Everyone has illusions about the Wizard. The Witch of the North calls him “the Great Wizard” who is “more powerful than the rest of us together” (12). The farmer says he “can take on any form he wishes” (76). The Wizard has no special powers, and he cannot change form. He is a pretender: someone “who makes a false show.”1 To Dorothy and her friends, he appears as “an enormous head” (87), a “lovely lady” (91), a “terrible Beast” (93), and a “Ball of Fire” (94). They are fooled by the Wizard because he is a master of illusion. He deceives people not only with false appearances, but also by keeping his distance from them. The farmer says, “the Great Wizard does not like to see anyone” (77). This is because the more people who see him, the greater the chance someone will discover who he actually is.

The Wizard creates illusions not only about himself but also the Emerald City he rules. When Dorothy and her friends meet the Guardian of the Gates, he tells them, “you must put on the spectacles” (79). These green-tinted glasses distort people’s perception of reality. While wearing them, Dorothy is “dazzled by the brilliancy of the wonderful city” (82) because the spectacles create the illusion that everything in the city is green. The color green suggests life and the growth of the natural world. Although the people “seemed happy and contented and prosperous” (83), the appearance of something is not always the reality. The Wizard has tricked the people into believing their city is glorious and prosperous.

The Wizard also tricks Dorothy and her friends, taking advantage of their deepest desires. Dorothy asks him to send her back to Kansas; the Scarecrow asks him to “put brains in [his] head instead of straw” (92); the Tin Woodman asks for “a heart that [he] may be as other men” (93); and the Lion asks for courage so that he can “become the King of Beasts” (95). The Wizard promises to grant their requests if they will do one thing for him: kill the Wicked Witch of the West. Dorothy and her friends agree to his terms and become a band of assassins. The Wizard manipulates Dorothy with false promises in order to have his enemy destroyed.
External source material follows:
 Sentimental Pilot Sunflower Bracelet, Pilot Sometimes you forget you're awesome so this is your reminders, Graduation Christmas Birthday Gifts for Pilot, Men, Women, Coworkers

When Dorothy and her friends return to the Emerald City to deliver the news that the Witch is dead, the Wizard’s screen of appearances is finally uncovered. They discover he is a little old man with “no magical powers at all” (138). The irony is that Dorothy and her friends do not need the Wizard for anything—they possess the power themselves to change. The Wizard recognizes this, telling the Scarecrow, “experience is the only thing that will bring knowledge,” and to the Lion, “courage is facing danger when you are afraid, and that kind of courage you have” (139). Dorothy’s friends, however, do not have ears to hear. Despite the Wizard admitting, “I cannot keep my promises” (139), the Scarecrow and the Tin Woodman sill insist that he help them. Dorothy’s friends are dependent on a Wizard who only has the power of good advice.
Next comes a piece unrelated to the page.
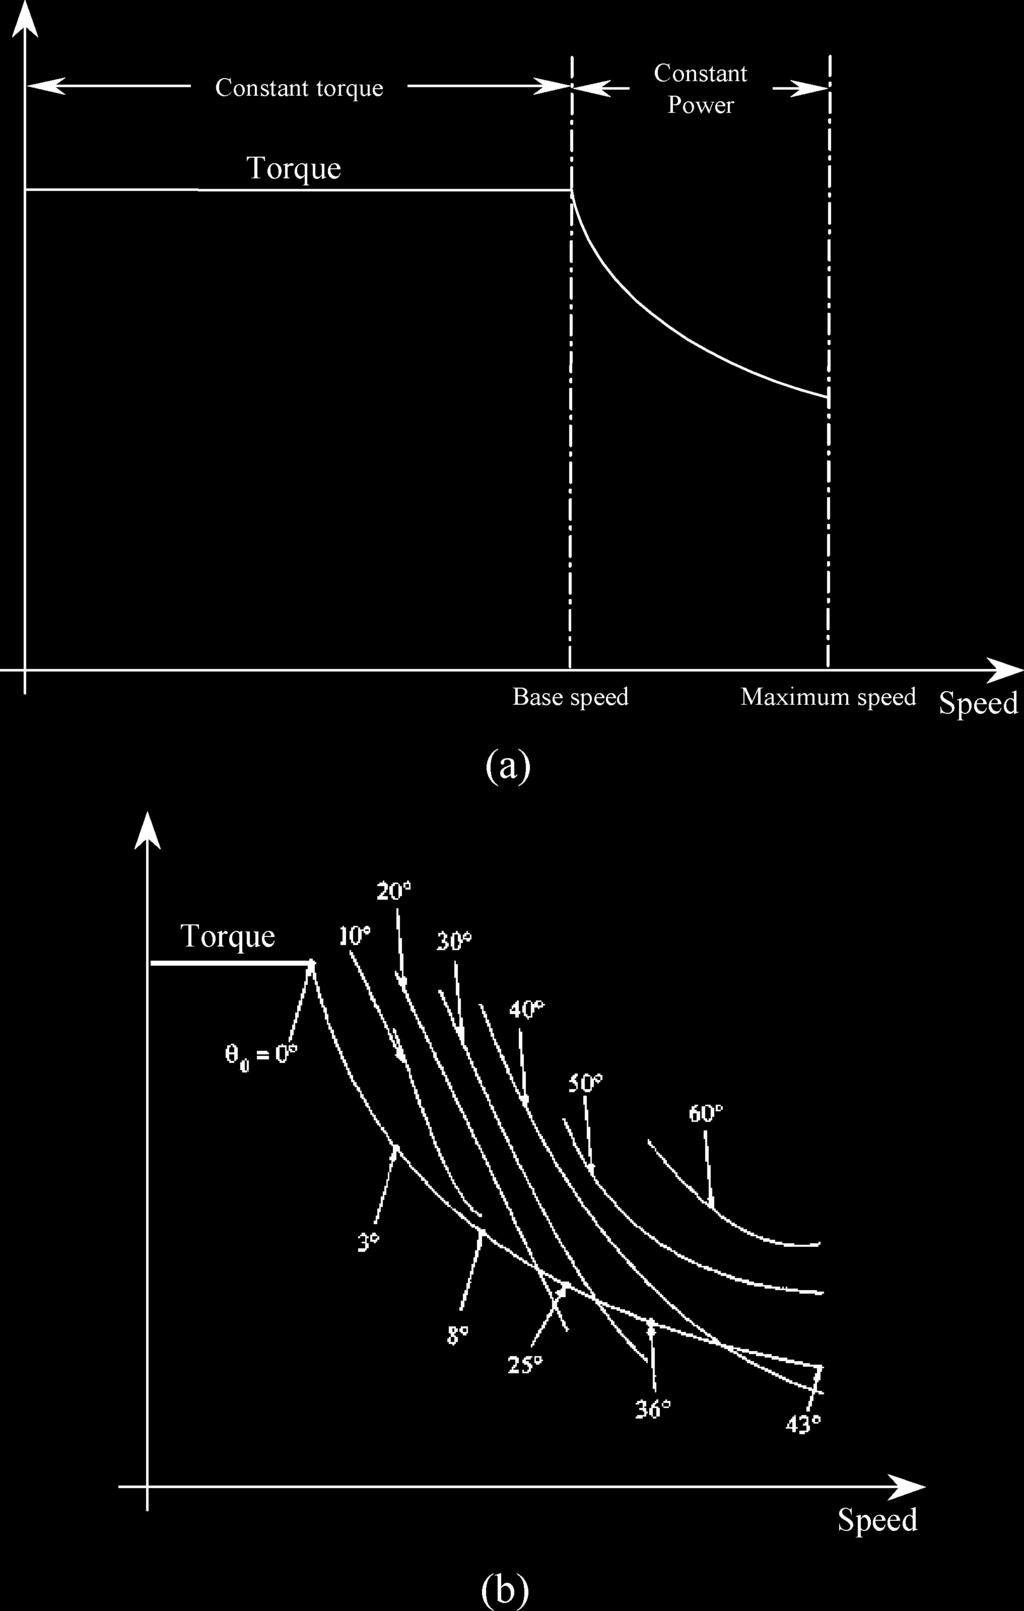 1760 IEEE TRANSACTIONS ON VEHICULAR TECHNOLOGY, VOL. 55, NO. 6, NOVEMBER 2006 Fig. 12. Torque speed characteristic of a PM brushless drive. (a) Typical characteristic.

Unhealthy dependency arises when we stop believing in ourselves and our own abilities. The dependency that Dorothy and her friends have on each other is healthy, serving one another in love; however, their dependency on a Wizard to solve their problems for them is not healthy. At first, Dorothy believes the Wizard is her only hope in getting home to Kansas, but she eventually learns that she can get there on her own. In leaving Oz with her silver shoes, she returns to Kansas, a land of individual responsibility.

Notes

  1. Merriam Webster, s.v. “Pretender,” accessed November 15, 2014, http://www.merriam-webster.com/dictionary/pretender.

Works Cited

Baum, L. Frank. The Wizard of Oz. London: Puffin Books, 2008. Print.